Many controversial leaders were invited to the gatherings and to openly give their speeches in the areas where many people — both supporters and counter-protesters — are expected to attend.
Among them, the organizers chose the League of the South president Michael Hill and Matthew Heimbach, who’s also the leader of the Traditionalist Worker Party, to give a speech. Likewise, the “alt-right” and “identitarian” movements’ leader Richard Spencer was also invited to participate in the protests.
Even the same members of the secessionist groups admit it’s quite possible to witness encounters between angry people.
“The world has completely changed since Trump was elected. The streets are incredibly more violent. There is a threat level that didn’t exist before,” the 36-year-old member of the League of the South, Brad Griffin, said. “It used to be just us and these peaceful liberals out there yelling at each other.”
Previous protests weren’t violent
In 2013, the League of the South made something similar to this weekend-scheduled rallies.

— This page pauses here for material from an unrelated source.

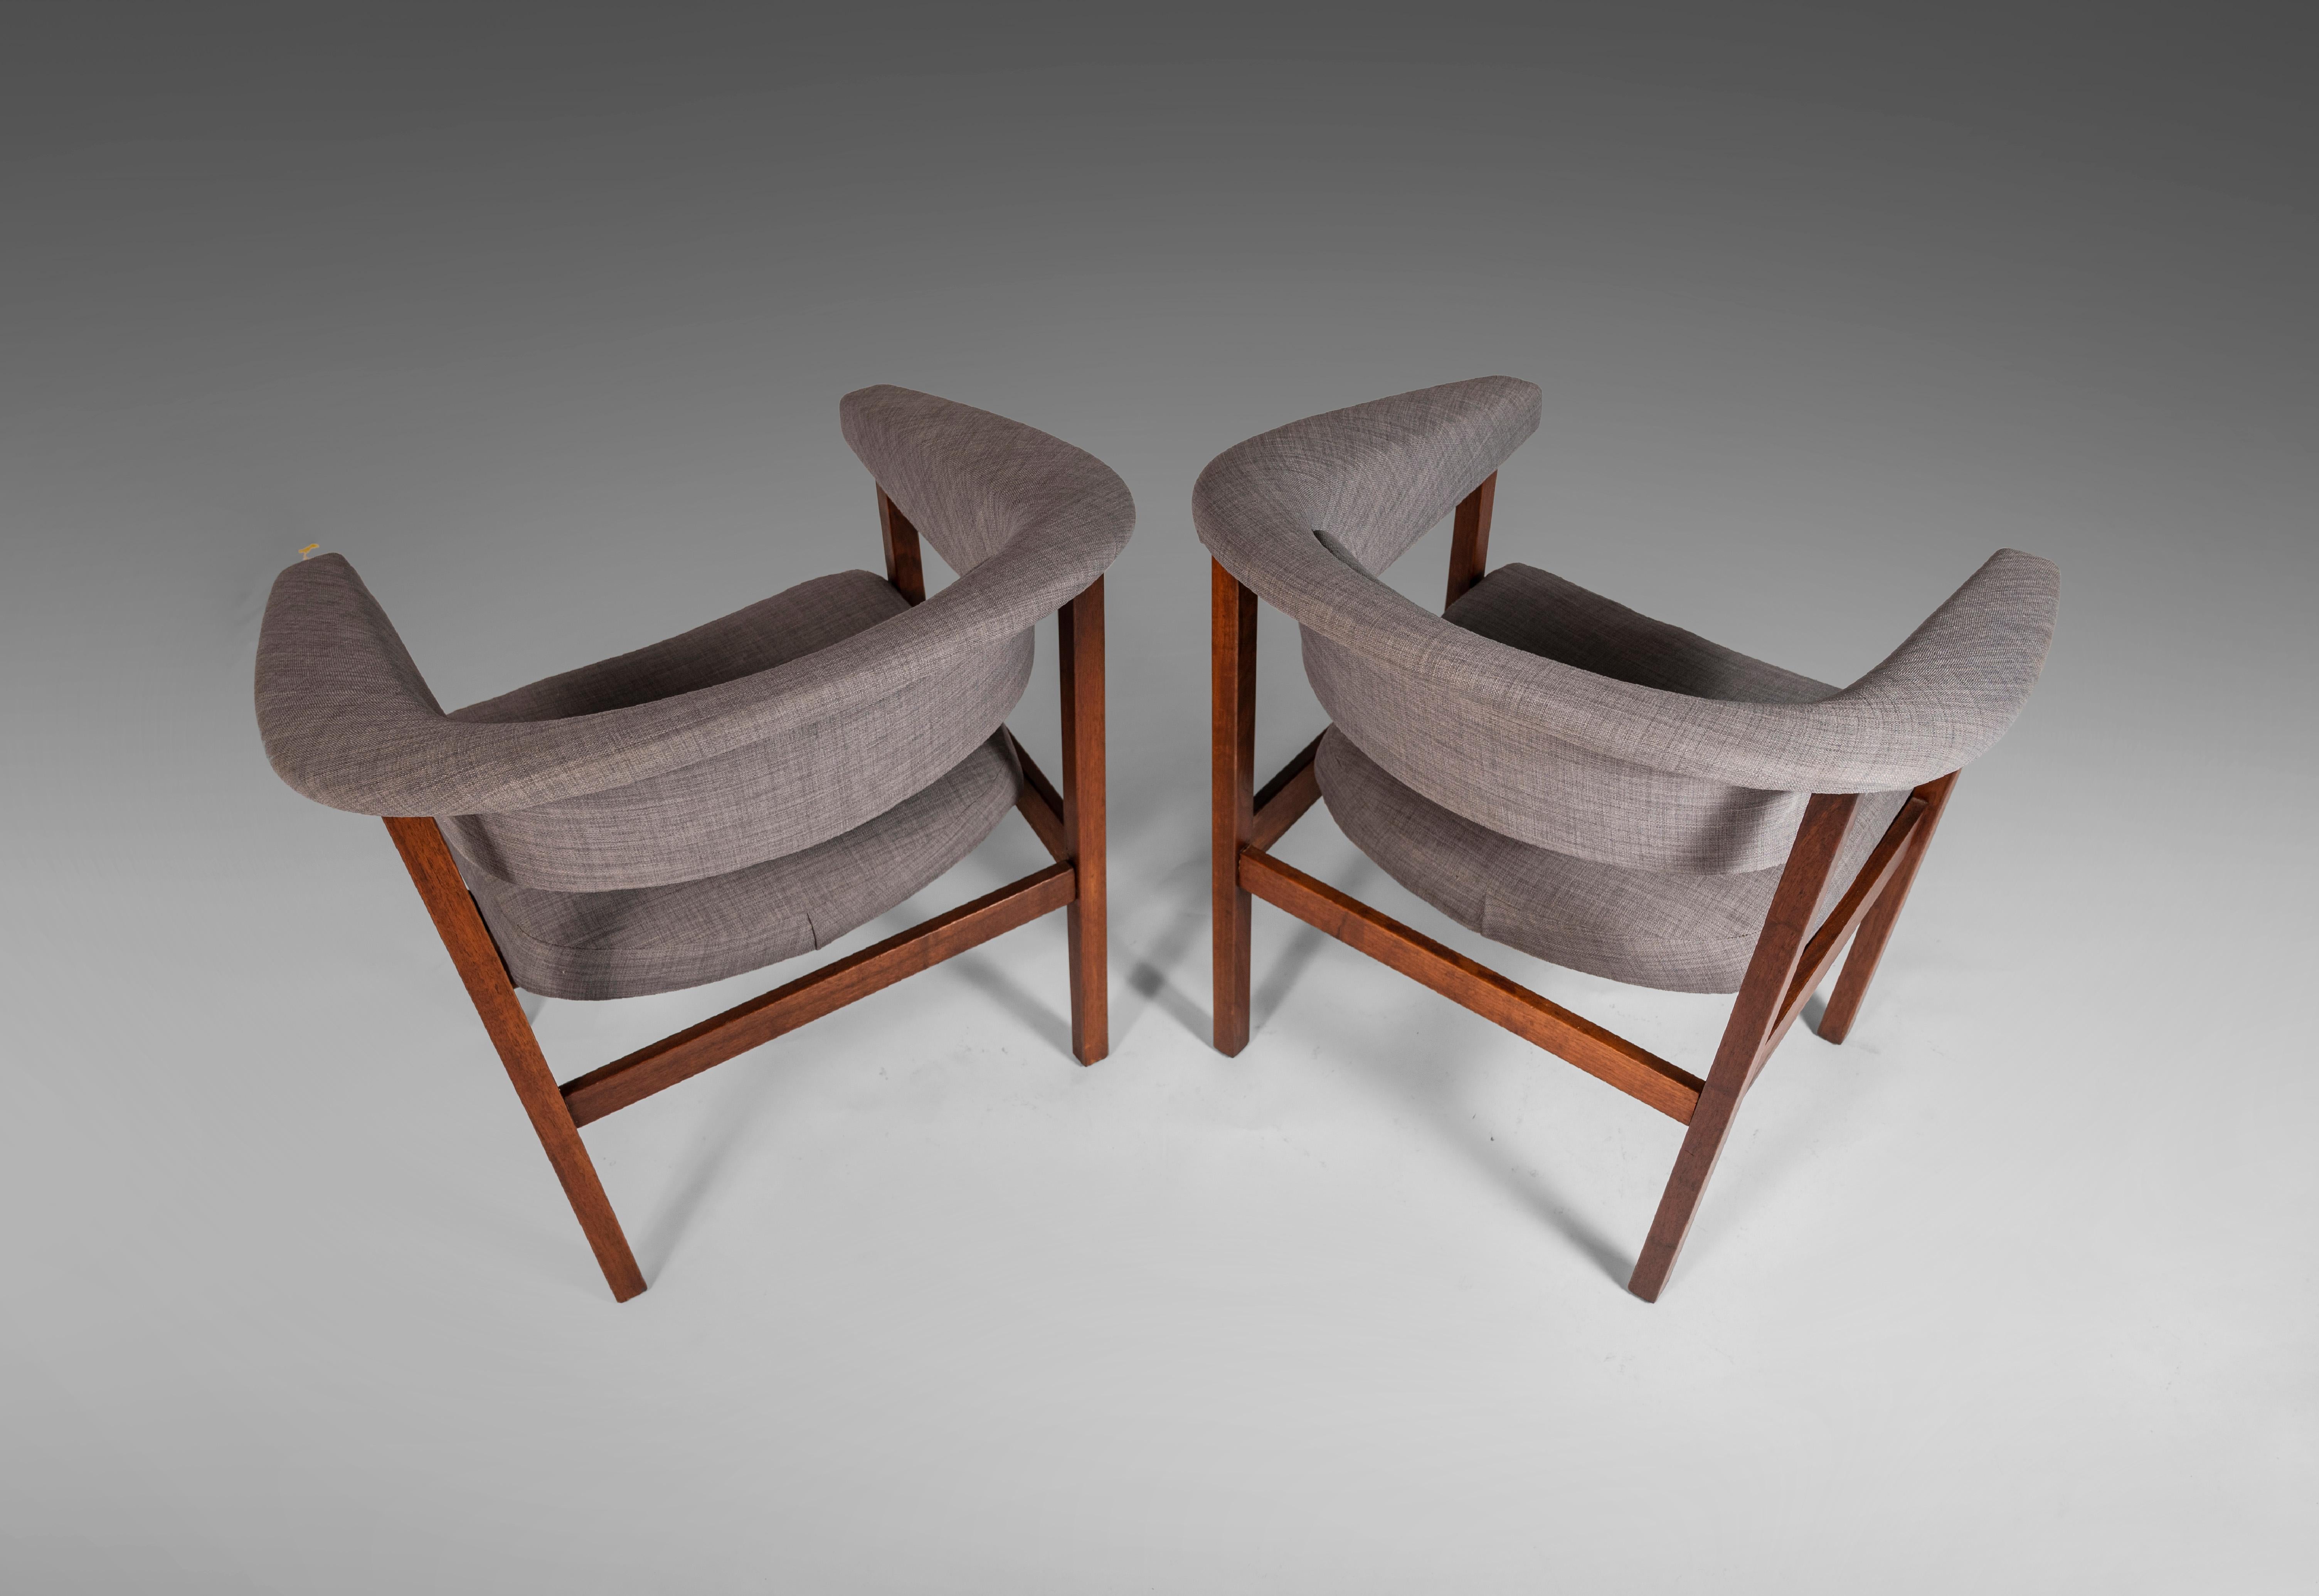 Pair of Chairs by Arthur Umanoff for Madison in Original Knit Fabric, c. 1960s For Sale 4

Around 75 participants dressing khaki shorts gathered that year in the streets and protested using cardboard signs and holding picnics in parks for lunch. But recent events forced Griffin to worry more than 2013, even to ask people not to bring guns to the rallies in case there is any problem.
When talking about the 2013 protest, Griffin said that he knew the guy who organized “the counterprotest.” For that rally, none of them thought there was going to be any “physically fighting” between participants of both groups.
Today, Griffin expects the worst. He knows that in both towns, there are groups very attached to white supremacists and Trump’s policies. According to the Montgomery, Alabama citizen, it’s unsure if these residents are the ones who might start acting violently first. Also, there’s nothing to make him think that the counterprotesters might not be the ones who’ll start turning violent.
In the 30 rallies that Griffin has participated these recent years, just the last ones have turned violent.
Ultimately, protests are legal while these don’t turn violent in any way. In a statement released by the city of Murfreesboro, it says that the city is and the county is “proud of the community we are building and the diversity of its residents.”
“The first amendment provides a right to free speech and a right to peaceably assemble and thus neither the city nor the county can legally prohibit the event,” the city of Murfreesboro said in a statement.